Private and Utilitarian Spaces

  • The main bedroom was a private, predominantly feminine space, decorated in delicate pastels, with an emphasis on comfort and prettiness.
  • Service rooms, on the other hand, were severely practical in their presentation.
    Picture of Drawing room suites from the F. Tritton Furniture Catalogue, Brisbane, circa 1906 (Queensland Museum)
    Picture of Drawing room suites from the F. Tritton Furniture Catalogue, Brisbane, circa 1906 (Queensland Museum)
  • The kitchen was usually a simple undecorated room, while the bathroom was often no more than a built-in corner of the back verandah or beneath the house.

Federation furnishings

  • The furnishings of the main rooms of Queenslander houses changed with the transition from the Colonial/Victorian era to Federation.
  • Red cedar disappeared from fashion – just in time to save it from extinction – to be replaced by silky oak, Queensland maple, white cedar and stained pine.

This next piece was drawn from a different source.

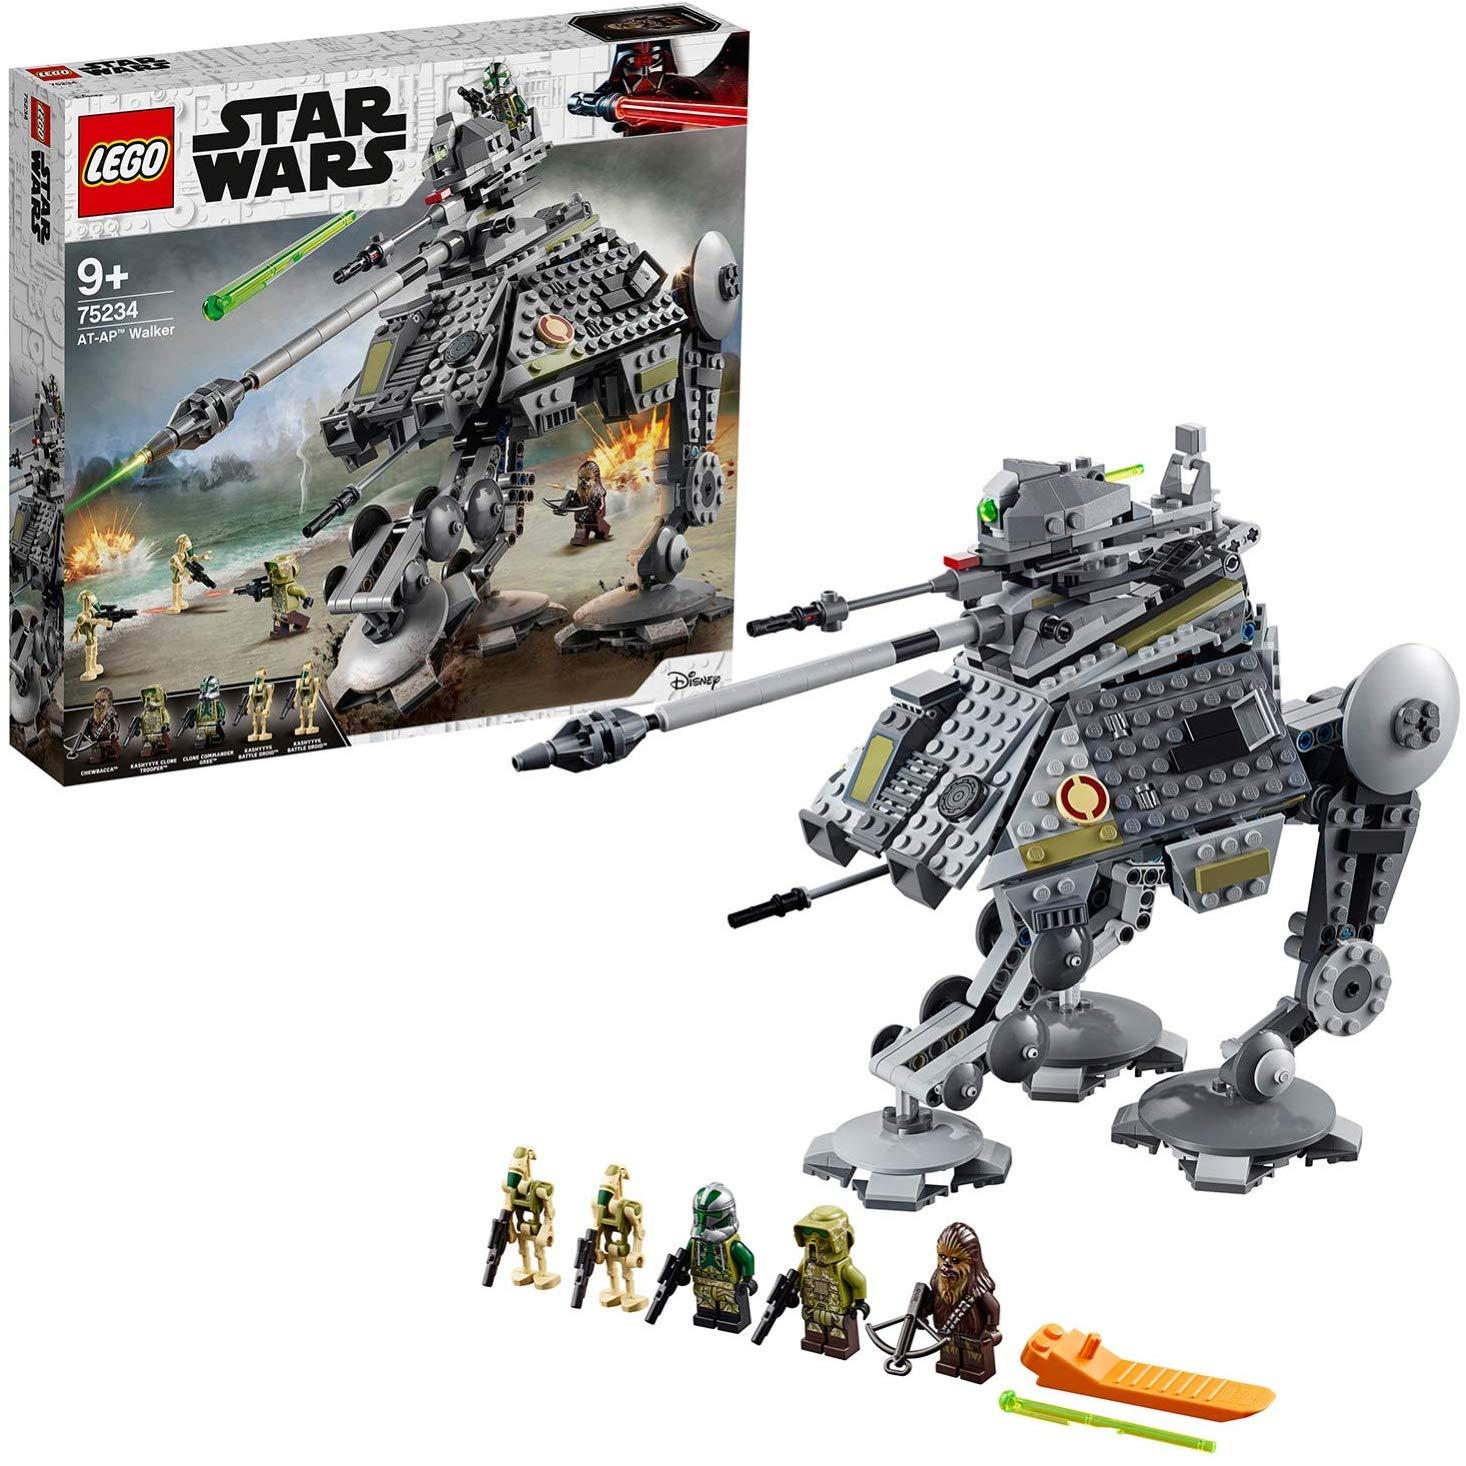 Jeu de construction Lego : Star Wars AT-AP - 75234

The timbers were often fumed with ammonia to enrich their colour to a warm brown.
  • The new fully-upholstered lounging armchair made its appearance. In the bedroom, the dressing table was a chest of drawers with a mirror attached, and a box ottoman replaced the old trunk for clothes storage.
  • There was a real acknowledgment of our climate in the design and use of furniture. Cane, willow, bamboo and linen grass furniture entered the scene.